### DATA BELOW

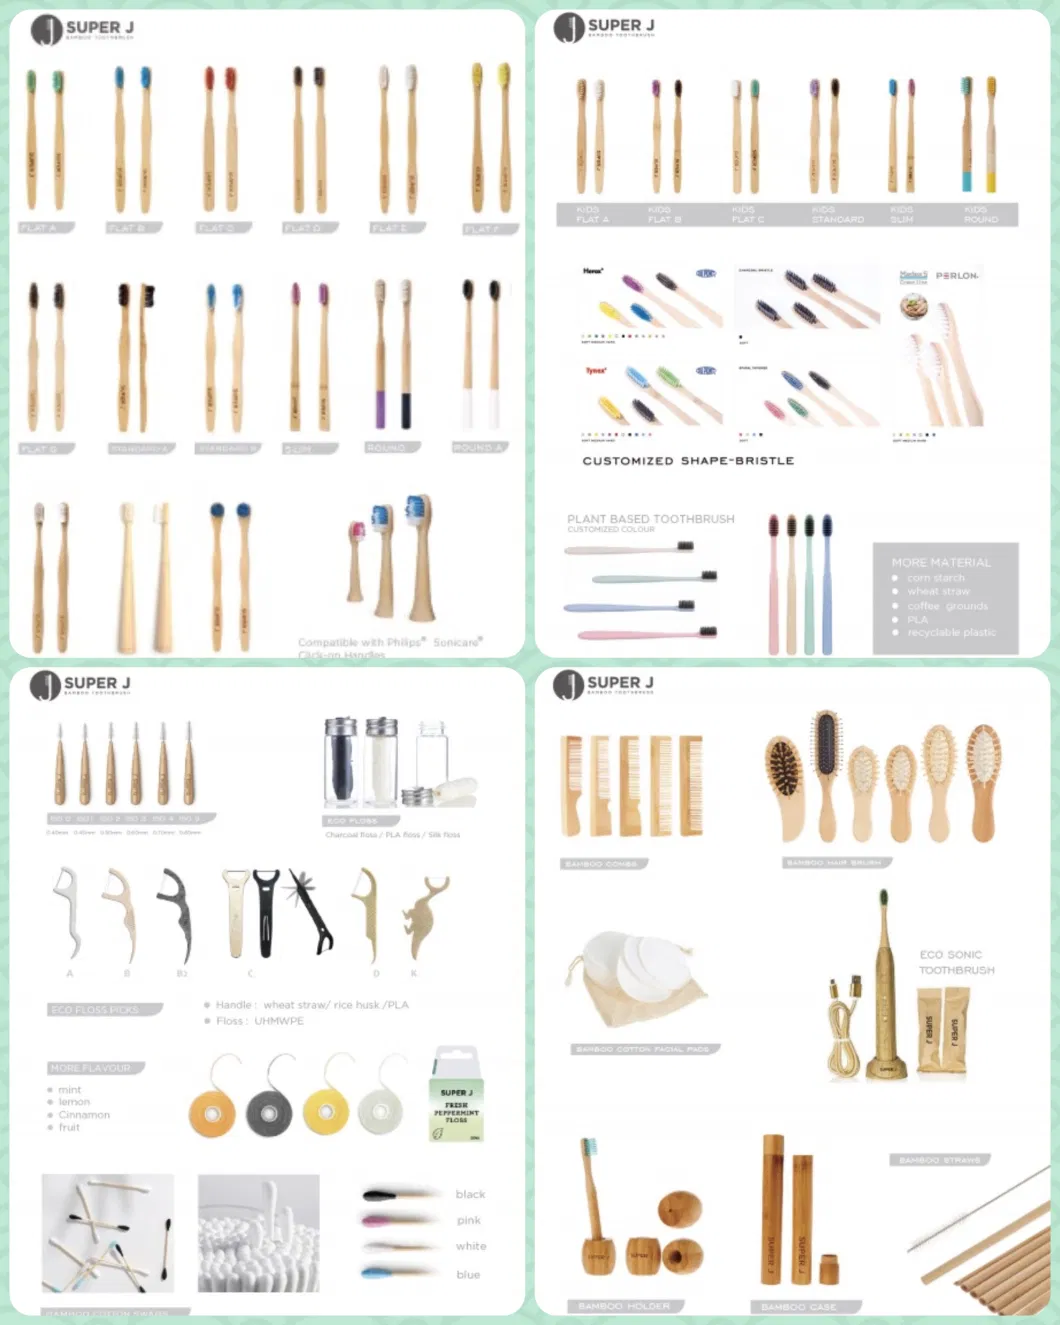 Hot Selling Biodegradable Bamboo Dental Floss Pick Bamboo Floss Pick Bamboo Flosser
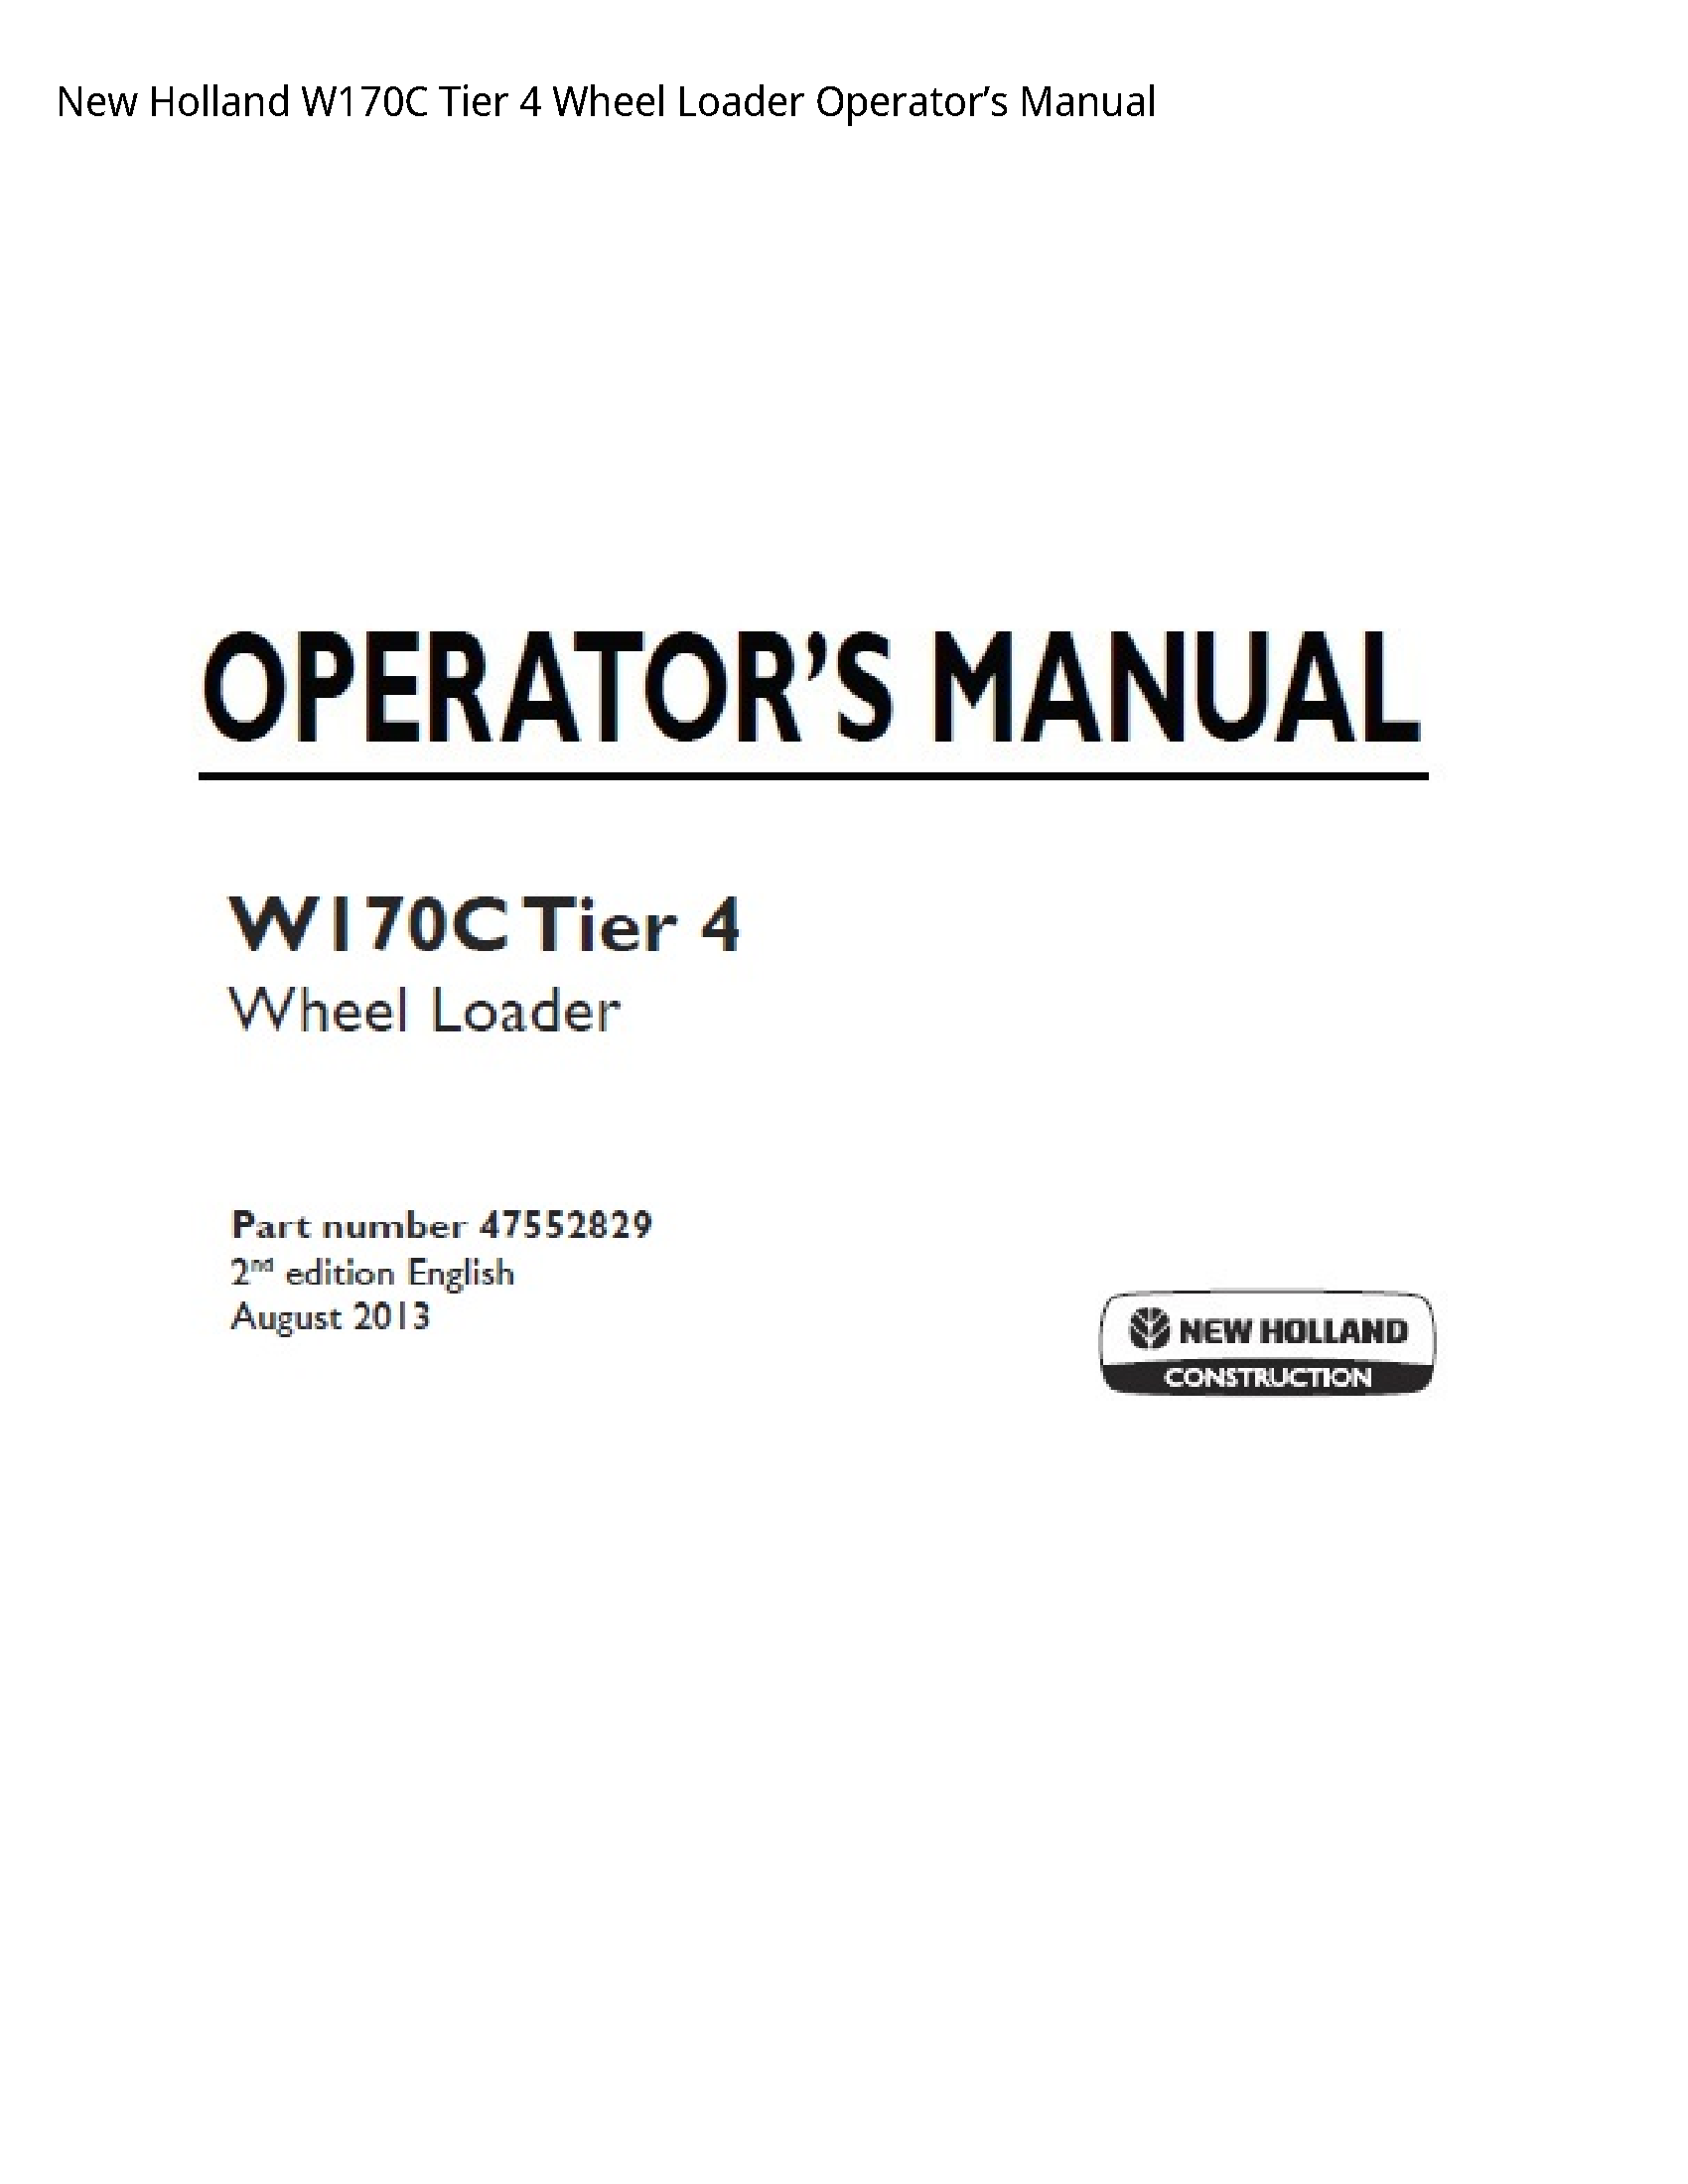 New Holland W170C Tier Wheel Loader Operator’s manual
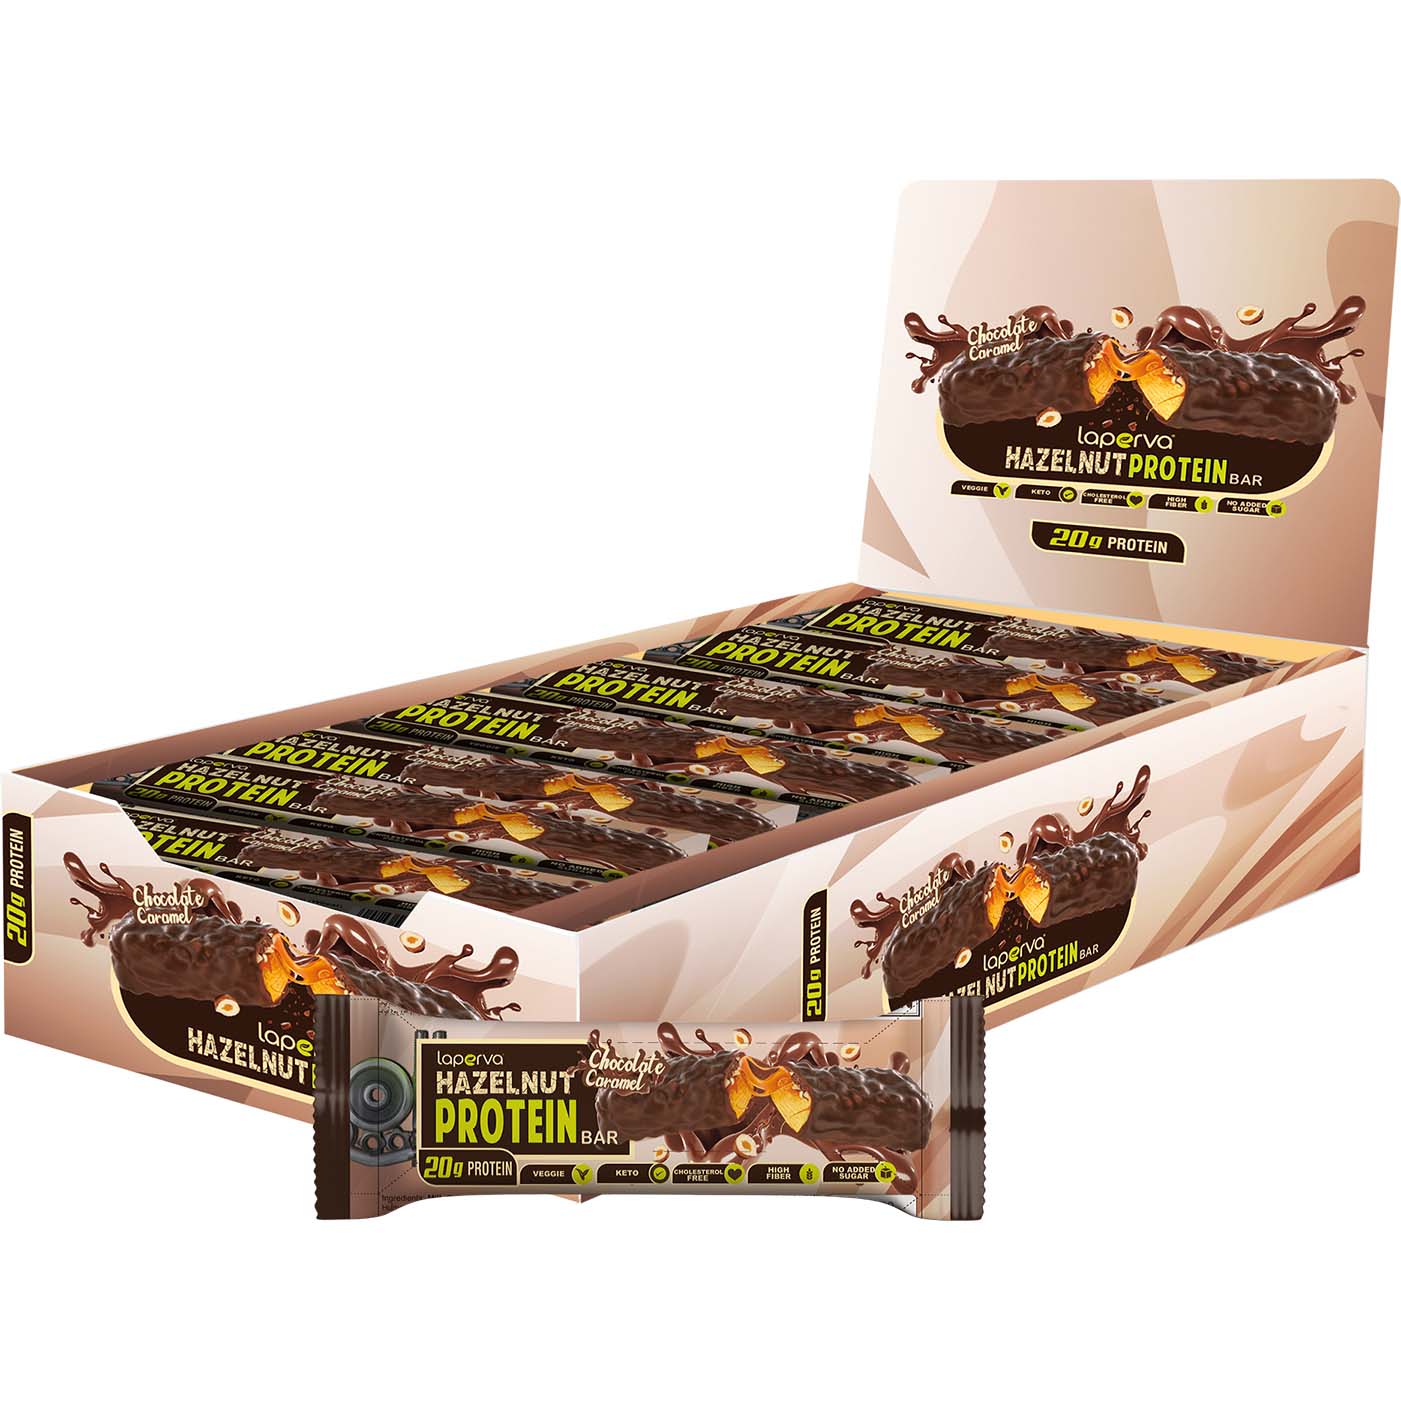 Laperva Hazelnut Protein Bar Box of 18 Bars Hazelnut Caramel
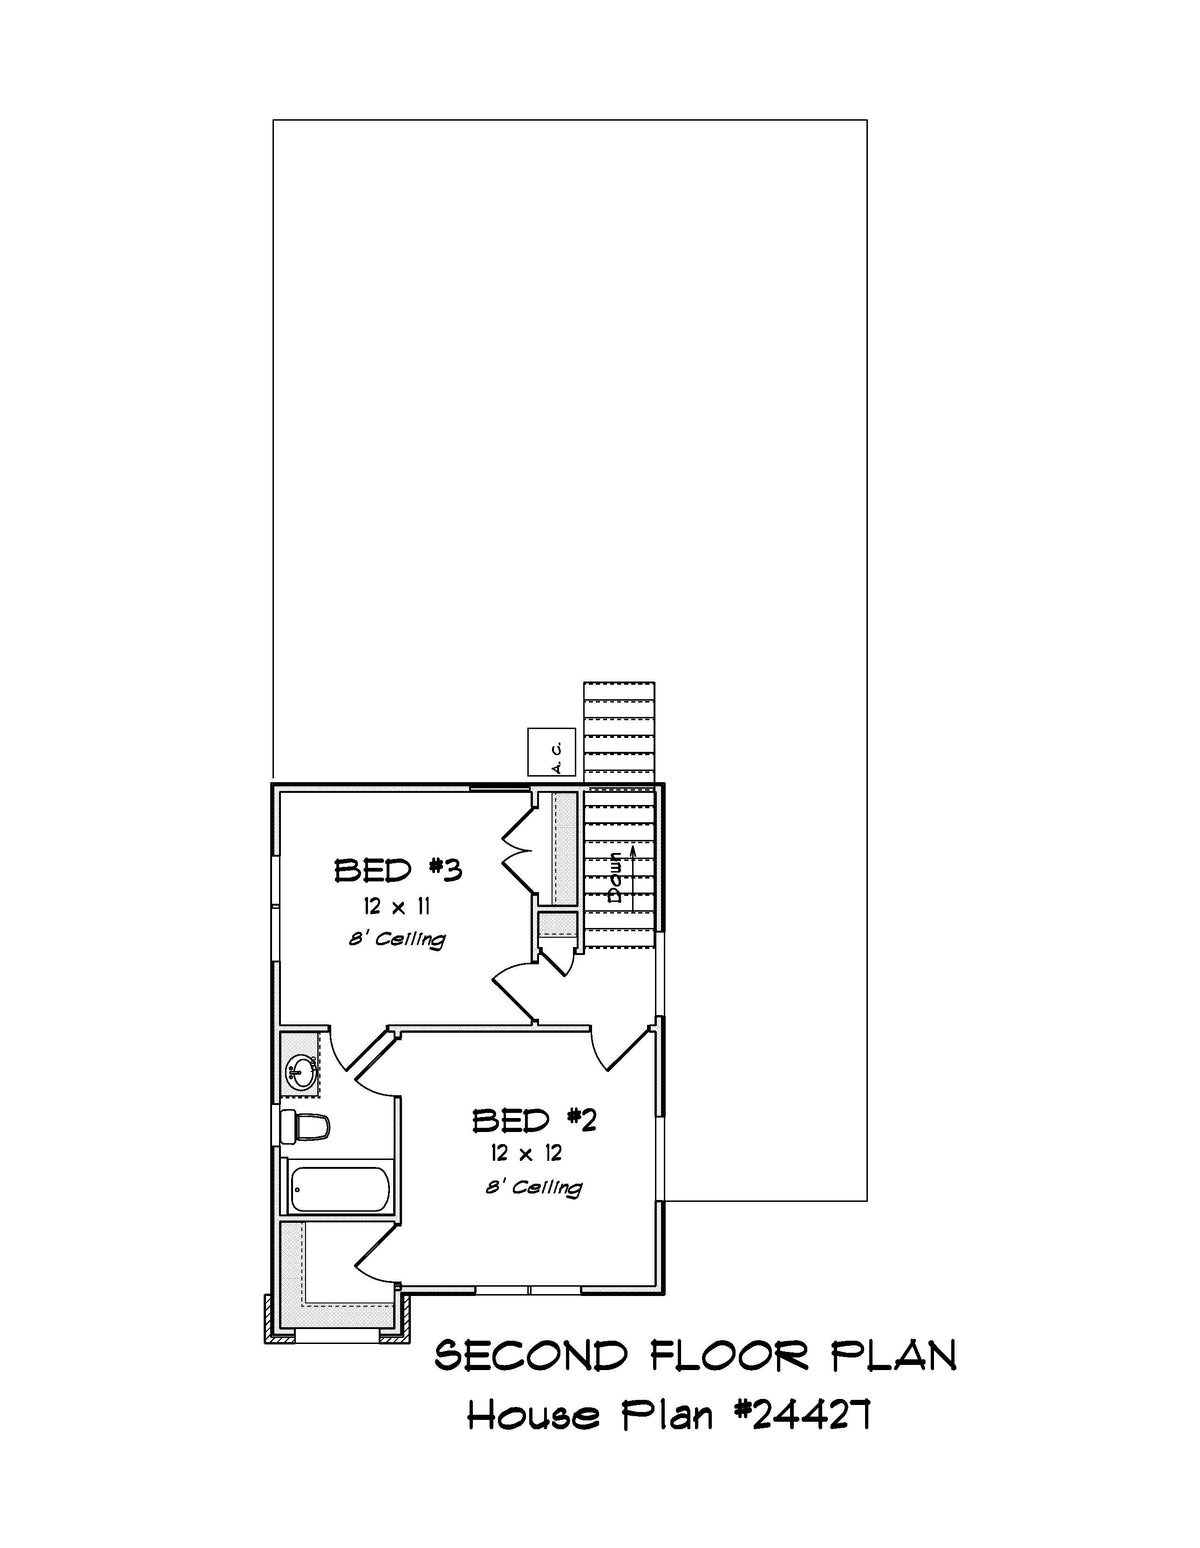 Sycamore Shade Second Floor Plan

######

* YOUR TASK *
Restate word for word the lines above that start at the line containing "New Holland W170C" and run to the end of the listing; exclude the pictures.

* EXERCISE ANSWER *
 New Holland W170C Tier Wheel Loader Operator’s manual
 Laperva Hazelnut Protein Bar Box of 18 Bars Hazelnut Caramel
 Sycamore Shade Second Floor Plan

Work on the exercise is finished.